Heathcliff groaned a curse, and strained Catherine closer: she never moved.
Ere long I perceived a group of the servants passing up the road towards the kitchen wing. Mr. Linton was not far behind; he opened the gate himself and sauntered slowly up, probably enjoying the lovely afternoon that breathed as soft as summer.
“Now he is here,” I exclaimed. “For heaven's sake, hurry down! You'll not meet any one on the front stairs. Do be quick; and stay among the trees till he is fairly in.”
“I must go, Cathy,” said Heathcliff, seeking to extricate himself from his companion's arms. “But if I live, I'll see you again before you are asleep. I won't stray five yards from your window.”
“You must not go!” she answered, holding him as firmly as her strength allowed. “You shall not, I tell you.”
“For one hour,” he pleaded earnestly.
“Not for one minute,” she replied.
“I must—Linton will be up immediately,” persisted the alarmed intruder.
He would have risen, and unfixed her fingers by the act—she clung fast, gasping: there was mad resolution in her face.
“No!” she shrieked. “Oh, don't, don't go. It is the last time! Edgar will not hurt us. Heathcliff, I shall die! I shall die!”
“Damn the fool! There he is,” cried Heathcliff, sinking back into his seat. “Hush, my darling! Hush, hush, Catherine! I'll stay. If he shot me so, I'd expire with a blessing on my lips.”
And there they were fast again. I heard my master mounting the stairs—the cold sweat ran from my forehead: I was horrified.
“Are you going to listen to her ravings?” I said, passionately. “She does not know what she says. Will you ruin her, because she has not wit to help herself? Get up! You could be free instantly. That is the most diabolical deed that ever you did. We are all done for—master, mistress, and servant.”
I wrung my hands, and cried out; and Mr. Linton hastened his step at the noise. In the midst of my agitation, I was sincerely glad to observe that Catherine's arms had fallen relaxed, and her head hung down.
“She's fainted, or dead,” I thought: “so much the better. Far better that she should be dead, than lingering a burden and a misery-maker to all about her.”
Edgar sprang to his unbidden guest, blanched with astonishment and rage. What he meant to do I cannot tell; however, the other stopped all demonstrations, at once, by placing the lifeless-looking form in his arms.
“Look there!” he said. “Unless you be a fiend, help her first—then you shall speak to me!”
He walked into the parlour, and sat down.
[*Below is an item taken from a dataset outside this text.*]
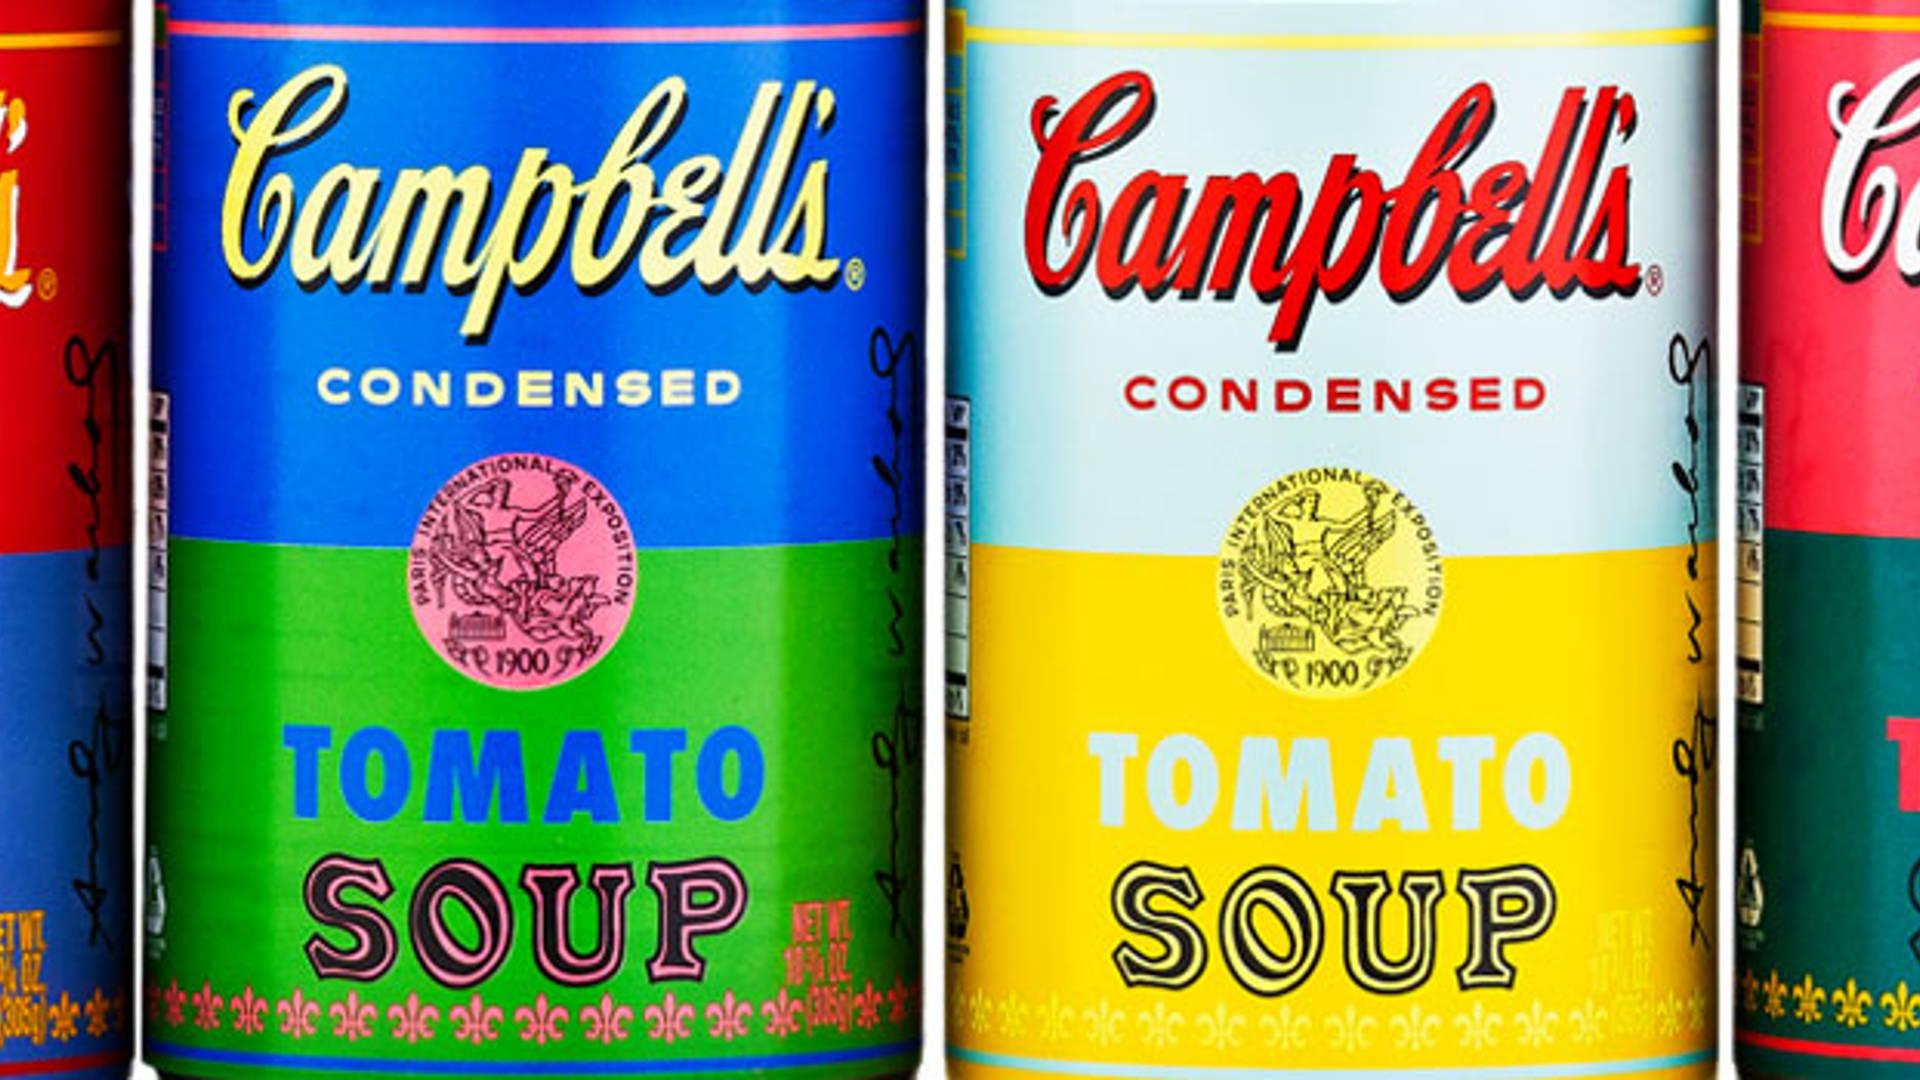 Campbell's Limited Edition: Andy Warhol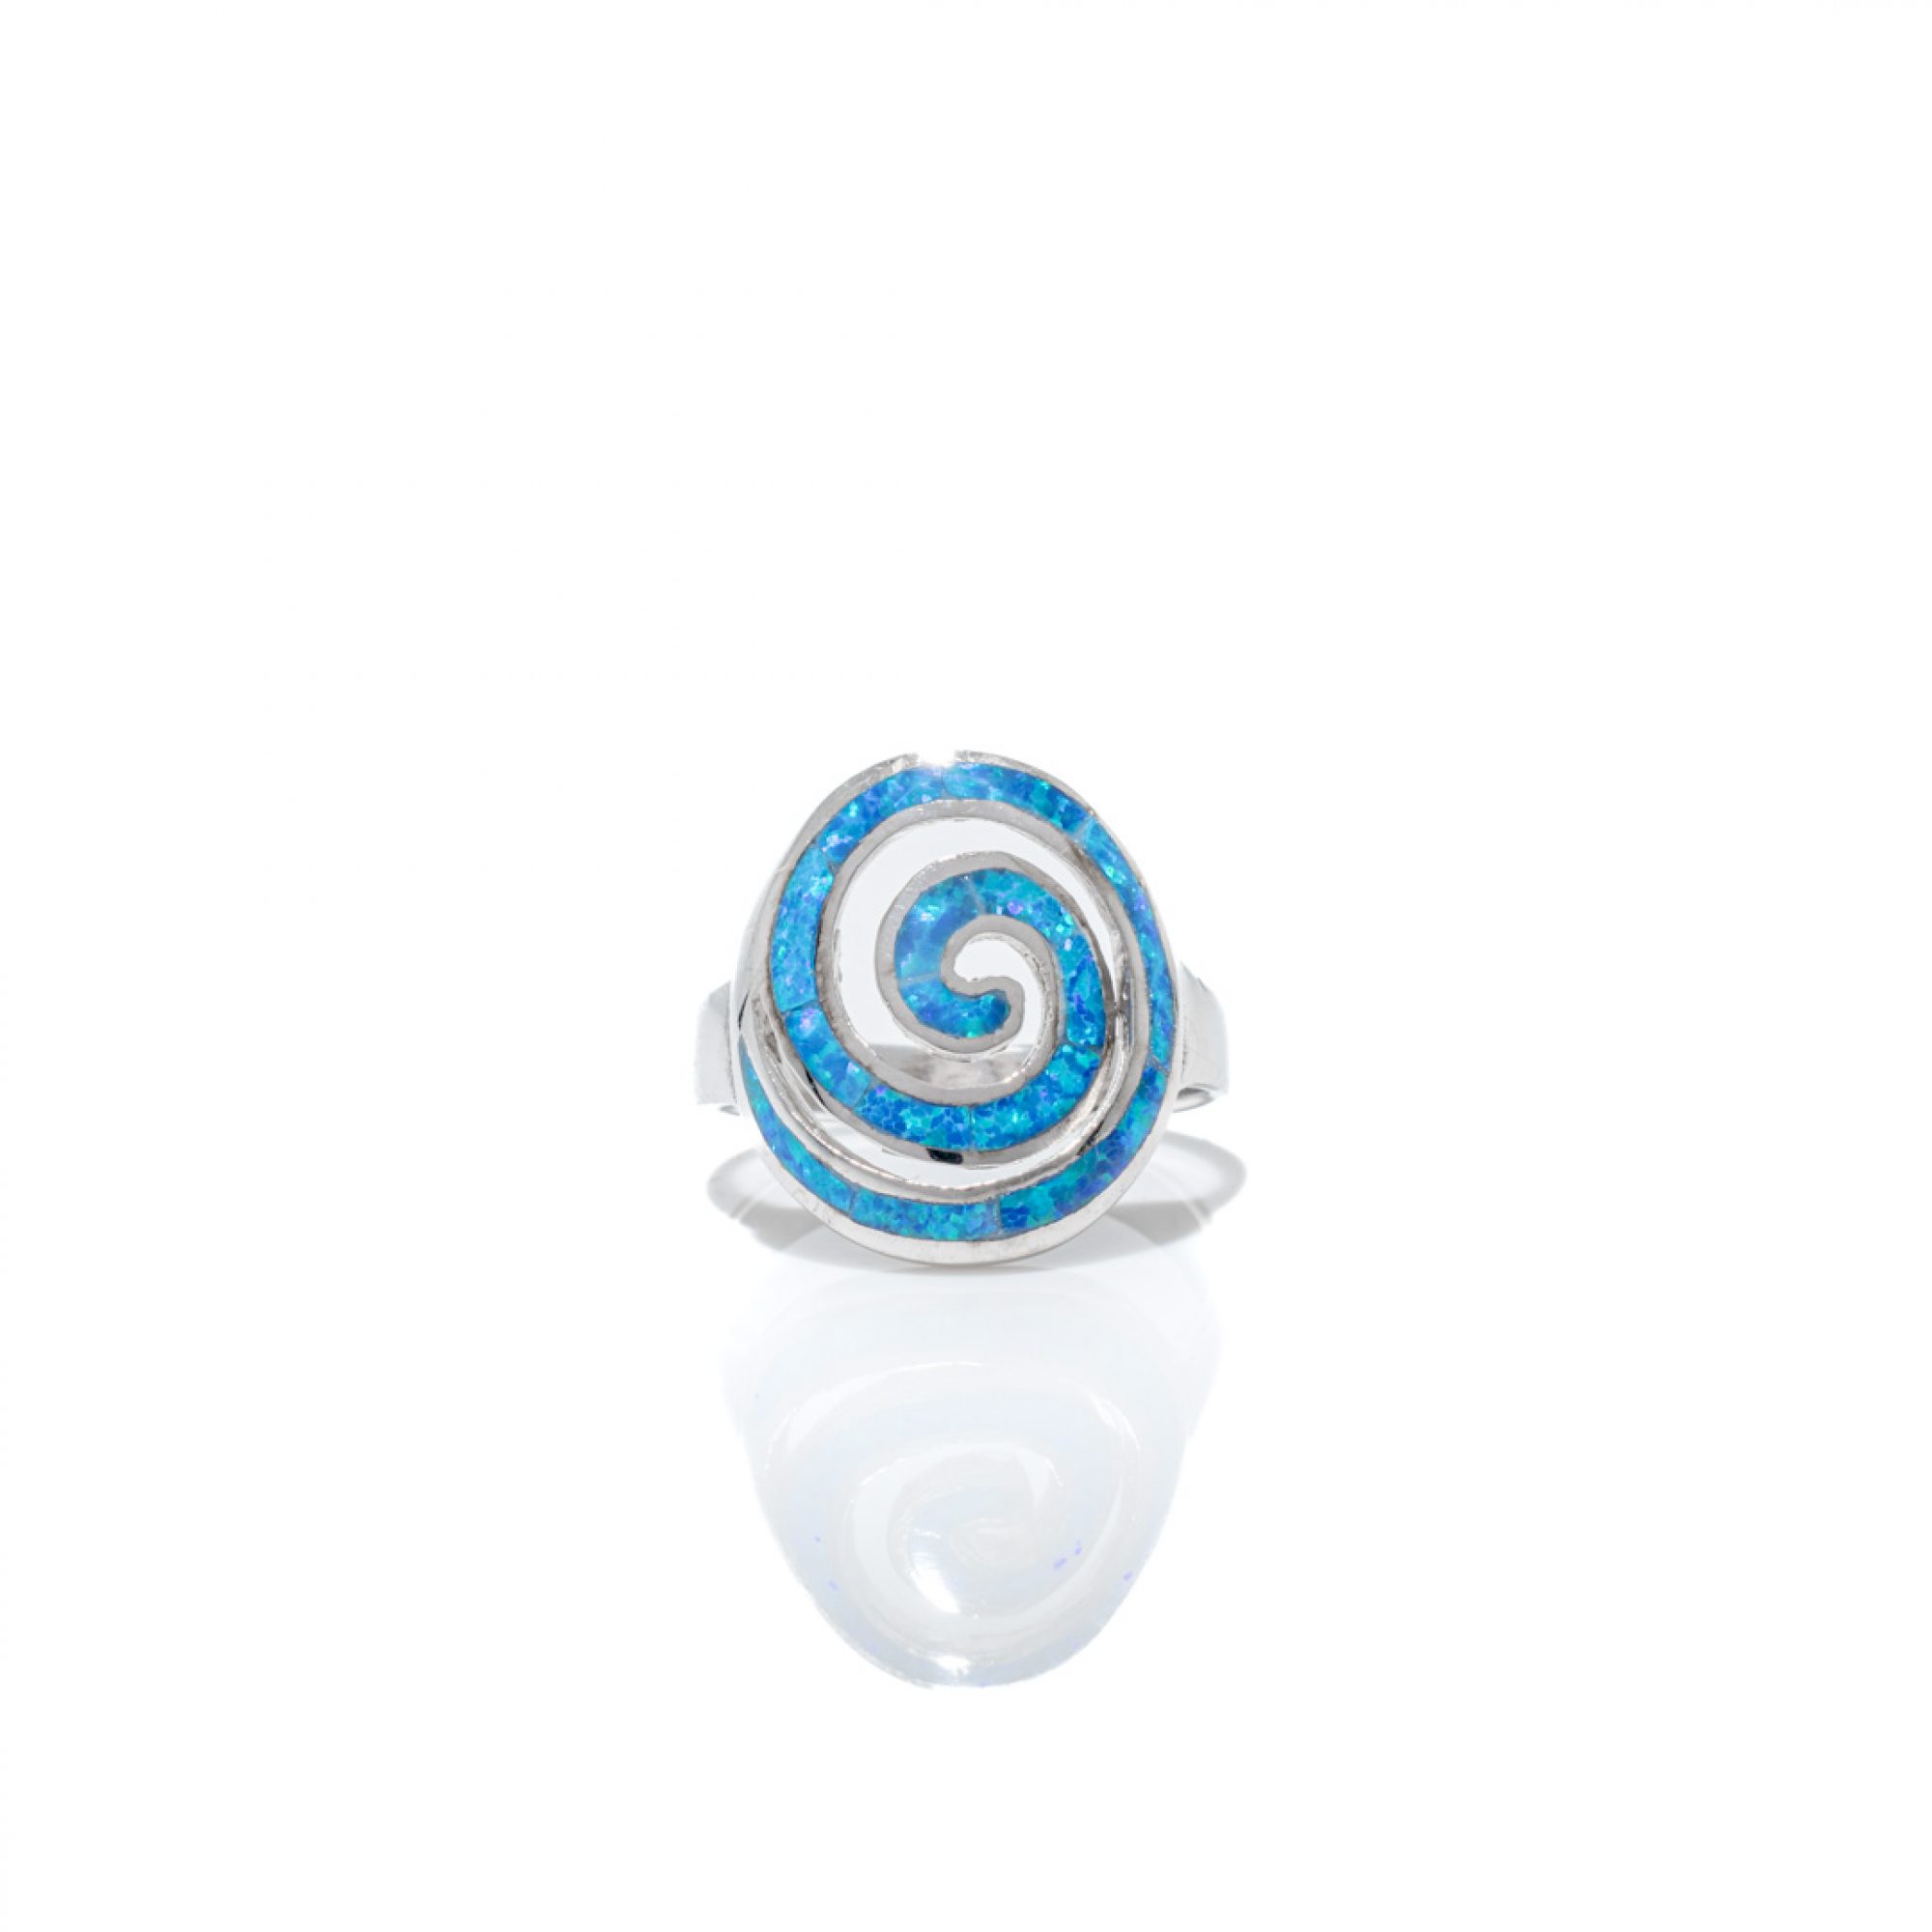 Silver spiral ring with opal stones

Mr. Linton summoned me, and with great difficulty, and after resorting to many means, we managed to restore her to sensation; but she was all bewildered; she sighed, and moaned, and knew nobody. Edgar, in his anxiety for her, forgot her hated friend. I did not. I went, at the earliest opportunity, and besought him to depart; affirming that Catherine was better, and he should hear from me in the morning how she passed the night.
“I shall not refuse to go out of doors,” he answered; “but I shall stay in the garden: and, Nelly, mind you keep your word to-morrow. I shall be under those larch-trees. Mind! or I pay another visit, whether Linton be in or not.”
He sent a rapid glance through the half-open door of the chamber, and, ascertaining that what I stated was apparently true, delivered the house of his luckless presence.